X_train_0 = torch.stack(
    [x[0] * 256 for x in train if x[1] == 0]).type(torch.float32)
X_train_1 = torch.stack(
    [x[0] * 256 for x in train if x[1] == 1]).type(torch.float32)
X_test = torch.stack(
    [x[0] * 256 for x in test if x[1] == 0 or x[1] == 1]).type(torch.float32)
y_test = torch.stack([torch.tensor(x[1]) for x in test
                      if x[1] == 0 or x[1] == 1]).type(torch.float32)

# Compute averages
ave_0 = torch.mean(X_train_0, axis=0)
ave_1 = torch.mean(X_train_1, axis=0)

# Plot average t-shirt
d2l.set_figsize()
d2l.plt.imshow(ave_0.reshape(28, 28).tolist(), cmap='Greys')
d2l.plt.show()

Hyperplanes (cont.)

Changing \mathbf{w} rotates the boundary; changing b shifts it. Normalized distance to the boundary is a margin.

# Plot average trousers
d2l.plt.imshow(ave_1.reshape(28, 28).tolist(), cmap='Greys')
d2l.plt.show()

# Print test set accuracy with eyeballed threshold
w = ave_1 - ave_0
# '@' is Matrix Multiplication operator in pytorch.
predictions = X_test.reshape(2000, -1) @ (w.flatten()) > -1500000

# Accuracy
torch.mean((predictions.type(y_test.dtype) == y_test).float(), dtype=torch.float64)

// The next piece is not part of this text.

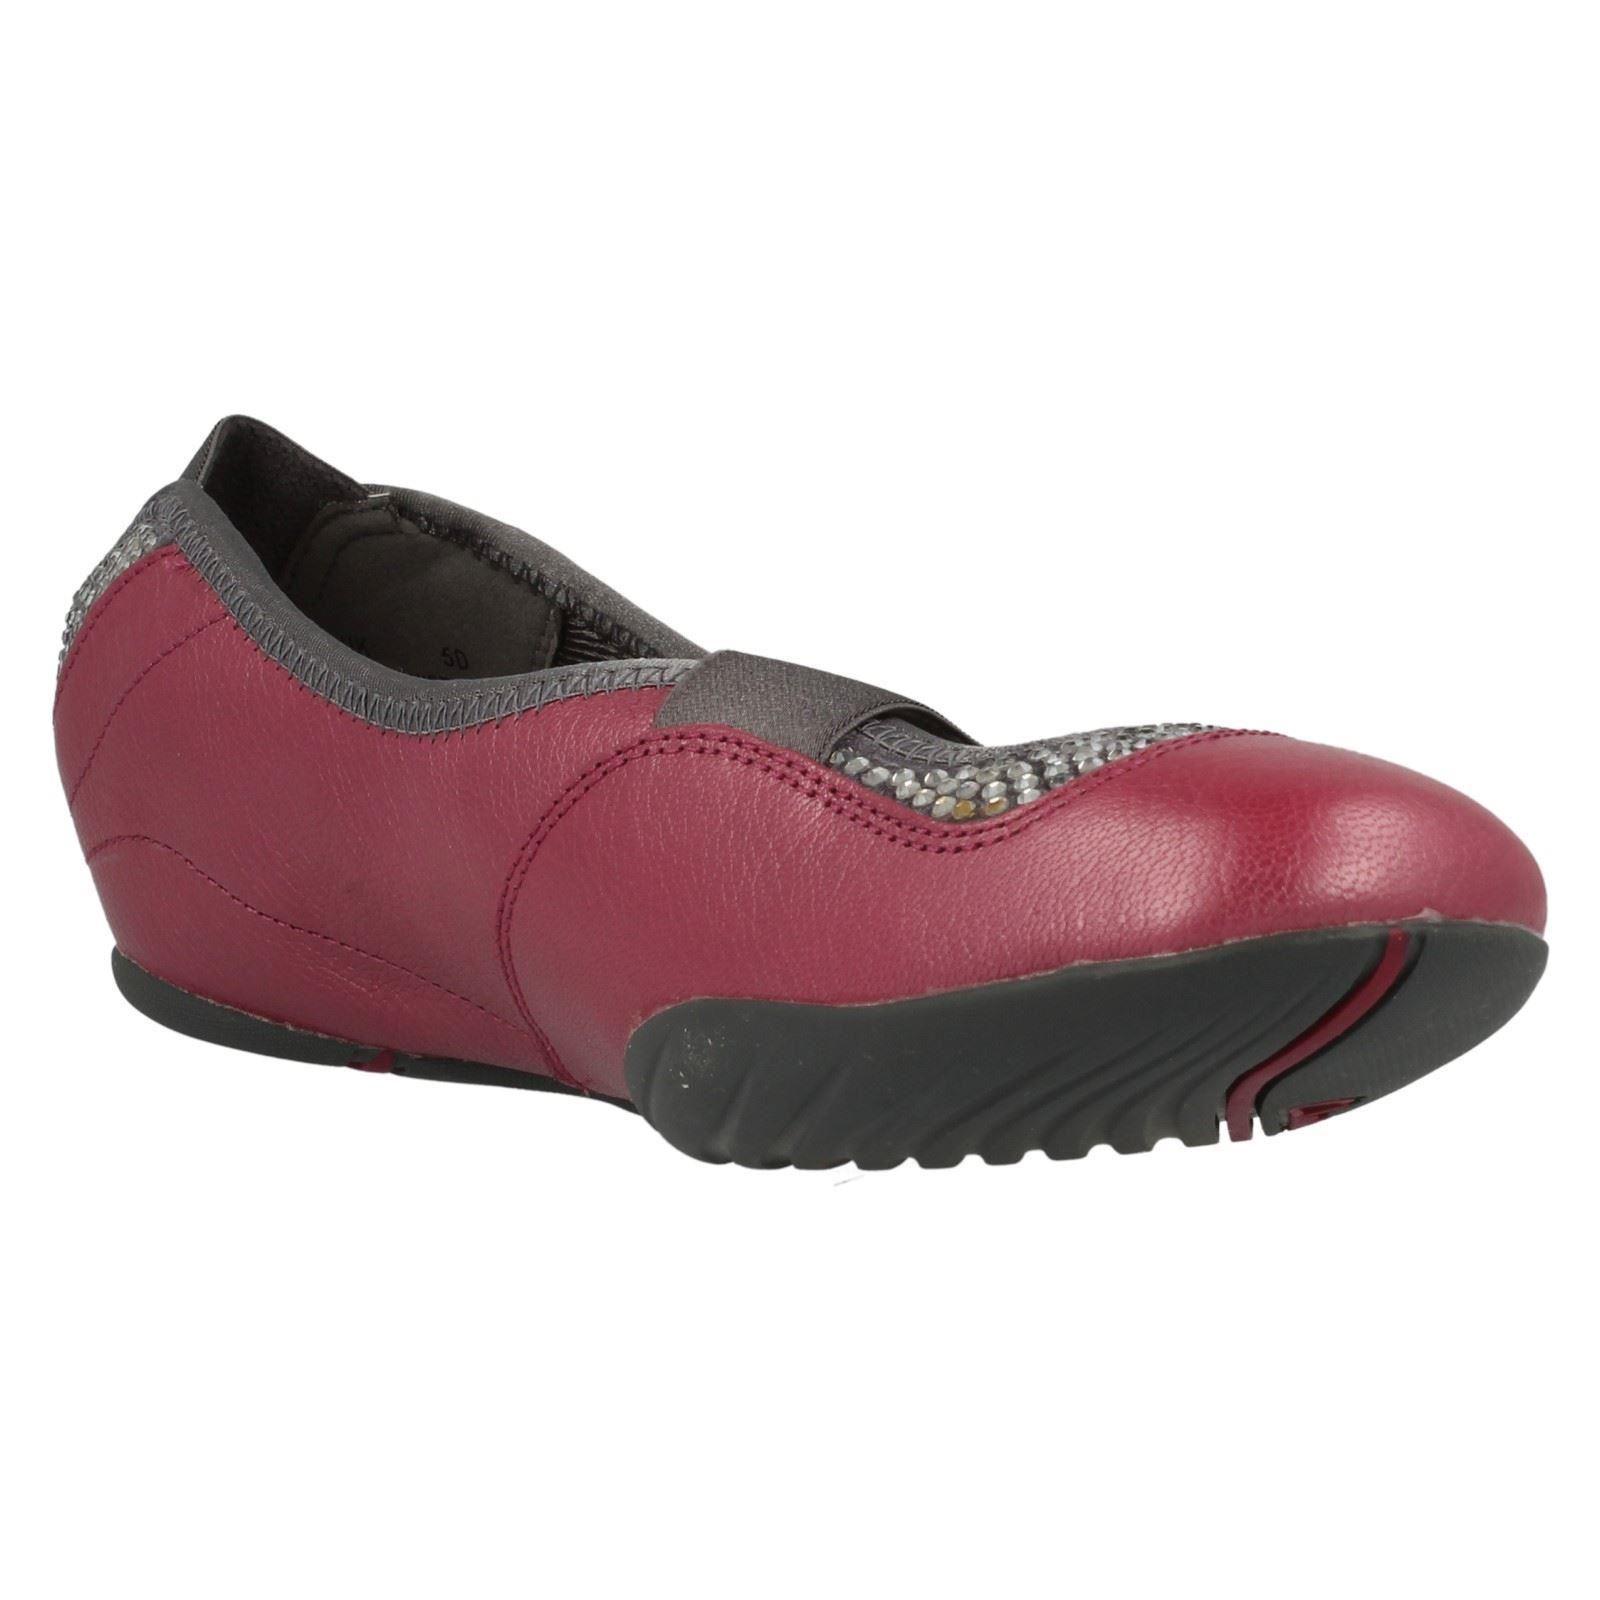 Ladies Clarks Casual Flat Shoes. Idyllic Gem | EBay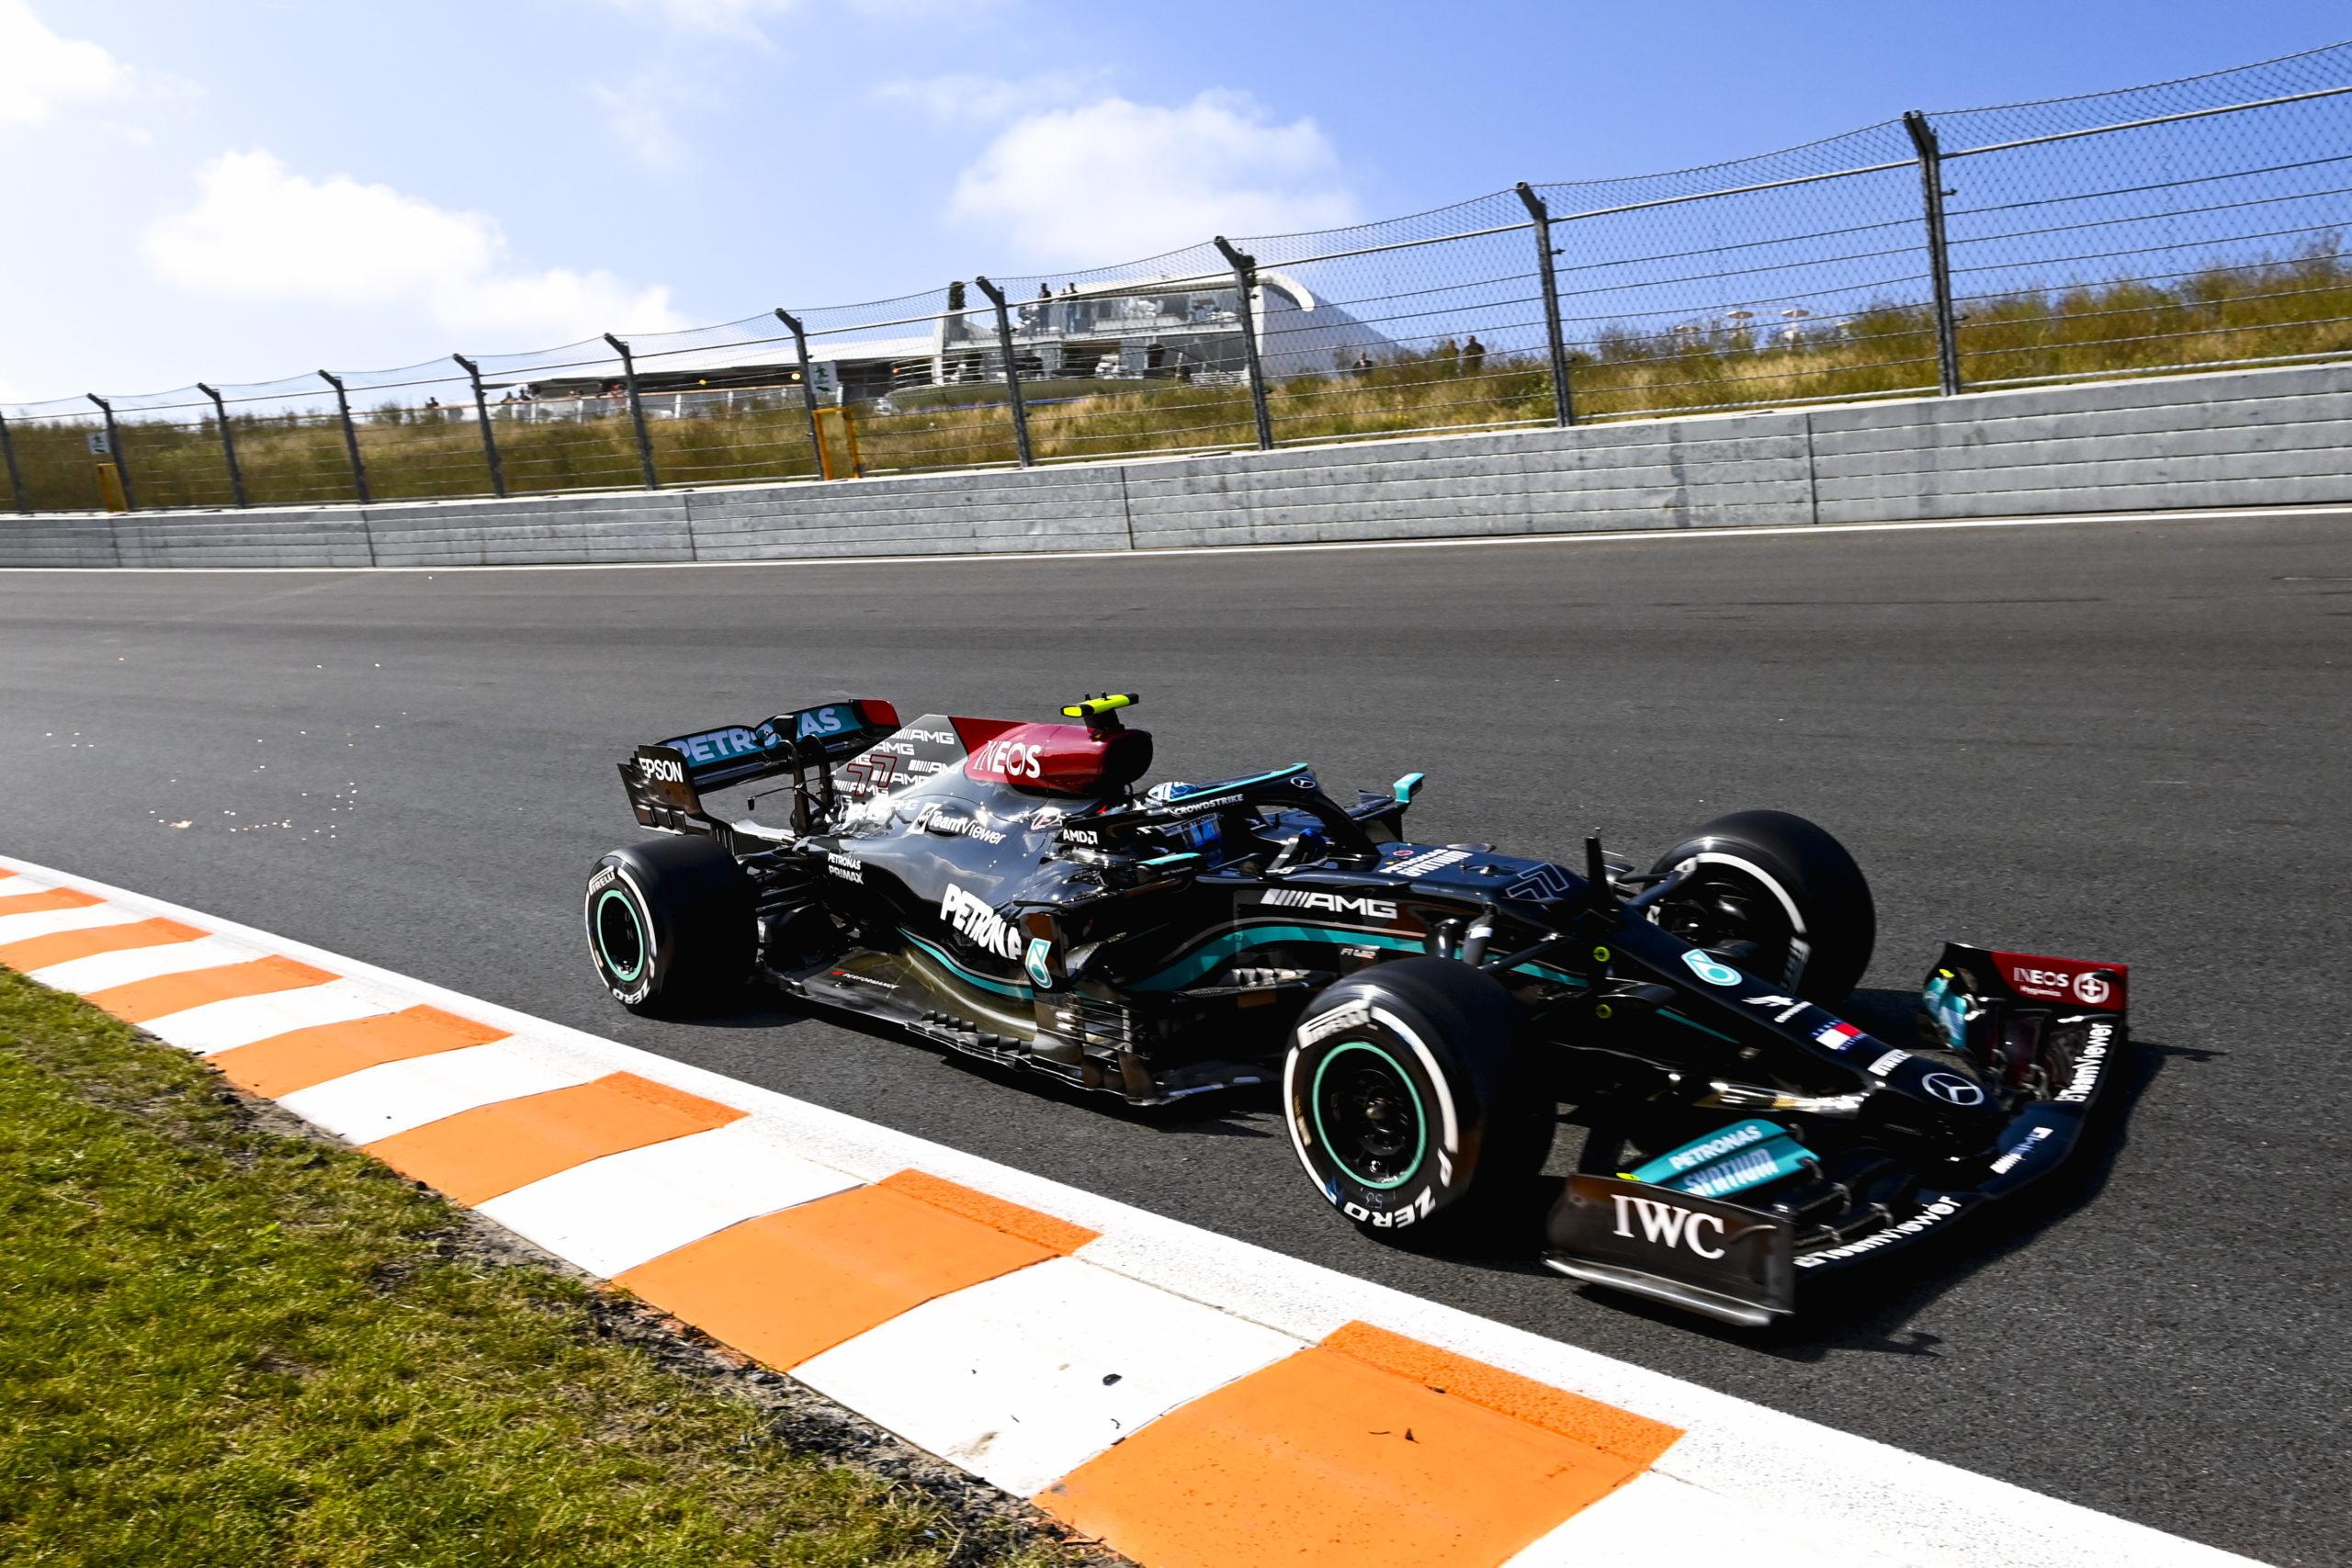 Valtteri Bottas, Mercedes, 2021 Dutch Grand Prix, Friday - LAT Images

tensor(0.8730, dtype=torch.float64)

Invertibility and determinant

Square matrices are invertible iff they don’t collapse volumes. The determinant measures the signed volume scale factor:

M = torch.tensor([[1, 2], [1, 4]], dtype=torch.float32)
M_inv = torch.tensor([[2, -1], [-0.5, 0.5]])
M_inv @ M

tensor([[1., 0.],
        [0., 1.]])

torch.det(torch.tensor([[1, -1], [2, 3]], dtype=torch.float32))

tensor(5.)

In code

Translate all of this into NumPy / PyTorch:

# Define tensors
B = torch.tensor([[[1, 2, 3], [4, 5, 6]], [[7, 8, 9], [10, 11, 12]]])
A = torch.tensor([[1, 2], [3, 4]])
v = torch.tensor([1, 2])

# Print out the shapes
A.shape, B.shape, v.shape

(torch.Size([2, 2]), torch.Size([2, 2, 3]), torch.Size([2]))

# Reimplement matrix multiplication
torch.einsum("ij, j -> i", A, v), A@v

(tensor([ 5, 11]), tensor([ 5, 11]))

In code (cont.)

These final snippets connect the geometric ideas to the actual linear-algebra APIs for norms, determinants, and inverses.

torch.einsum("ijk, il, j -> kl", B, A, v)

tensor([[ 90, 126],
        [102, 144],
        [114, 162]])

torch.einsum(B, [0, 1, 2], A, [0, 3], v, [1], [2, 3])

tensor([[ 90, 126],
        [102, 144],
        [114, 162]])

Recap

Vectors as directions; dot products = cosine similarity; matrices = linear maps; determinant = volume scale.
Hyperplanes are the decision-boundary primitive of every linear classifier and every linear layer.
These geometric pictures keep being useful all the way up to attention and high-dim embeddings.